From education to employment

Where do we go from here? Quality assurance in English higher education

Person holding a black folder

After March 2023, the UK-wide Quality Assurance Agency (QAA) will stop being the Designated Quality Body for English higher education, as the QAA wants to avoid losing its registration with the European Quality Assurance Register for Higher Education (EQAR).

A new paper from the Higher Education Policy Institute, Where do we go from here? Quality assurance in English higher education (Policy Note 44) by Andrew M Boggs, Visiting Fellow at the Oxford Centre for Higher Education Policy Studies and University Clerk at Kingston University, considers the consequences.

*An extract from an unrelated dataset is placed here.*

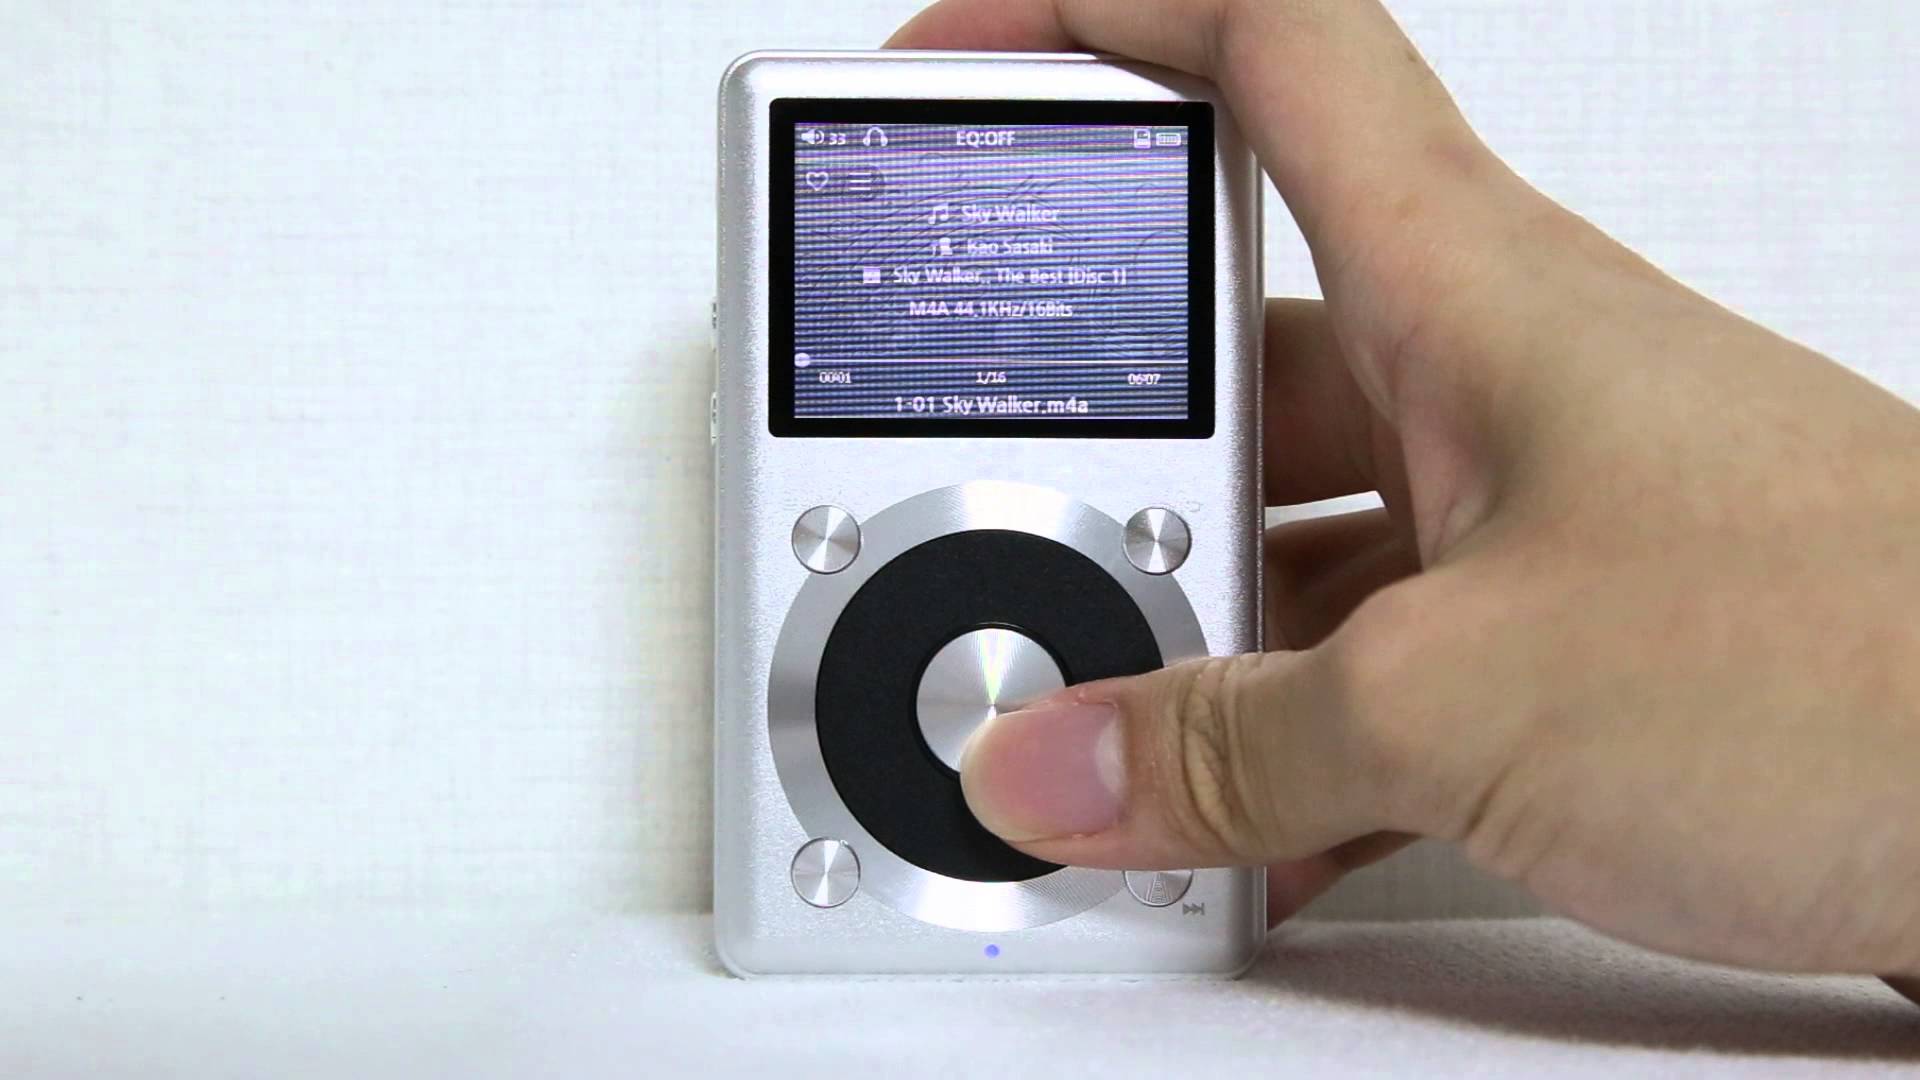 Отзывы и обзор MP3 плеера Fiio X1

Andrew M Boggs, the author of the report, said:

‘There is growing concern that key elements of the Higher Education and Research Act are not being faithfully executed. Yet these elements helped assure the public that we would have a coherent and appropriate approach to quality and standards, protecting student interests and institutional autonomy in England, and this was one of the hallmarks of the UK’s world-leading higher education sector. This should be of concern to parliamentarians.

‘The increased separation between England and the rest of the UK on regulation of quality and standards in higher education is likely to damage the international reputation of higher education throughout the UK. This risks one of our greatest exports at a time when the UK needs to capitalise on where it has global strength.’

Nick Hillman, Director the Higher Education Policy Institute, said:

‘There is literally nothing more important to our higher education sector than the maintenance of quality. Without secure knowledge about the quality of what is on offer, students will stop coming here from all over the world and employers will not know whether they can trust UK degrees.

‘There is widespread alarm in universities that, at the end of next month, the Quality Assurance Agency – which has been the official protector of quality for over 25 years – will cease to be the Designated Quality Body for England. No one yet knows what, if anything, will take its place.

‘A reputation for quality takes time to grow and will dissipate slowly, so there is no immediate crisis. But we do need an action plan that either allows the QAA to revert to its old status or means someone else is appointed to do the job.

‘We also need to know if the threats of new student number caps for degree courses that fall out of favour with politicians – which were first made a year ago in February 2022 – will now be seen through or, more sensibly, rejected.’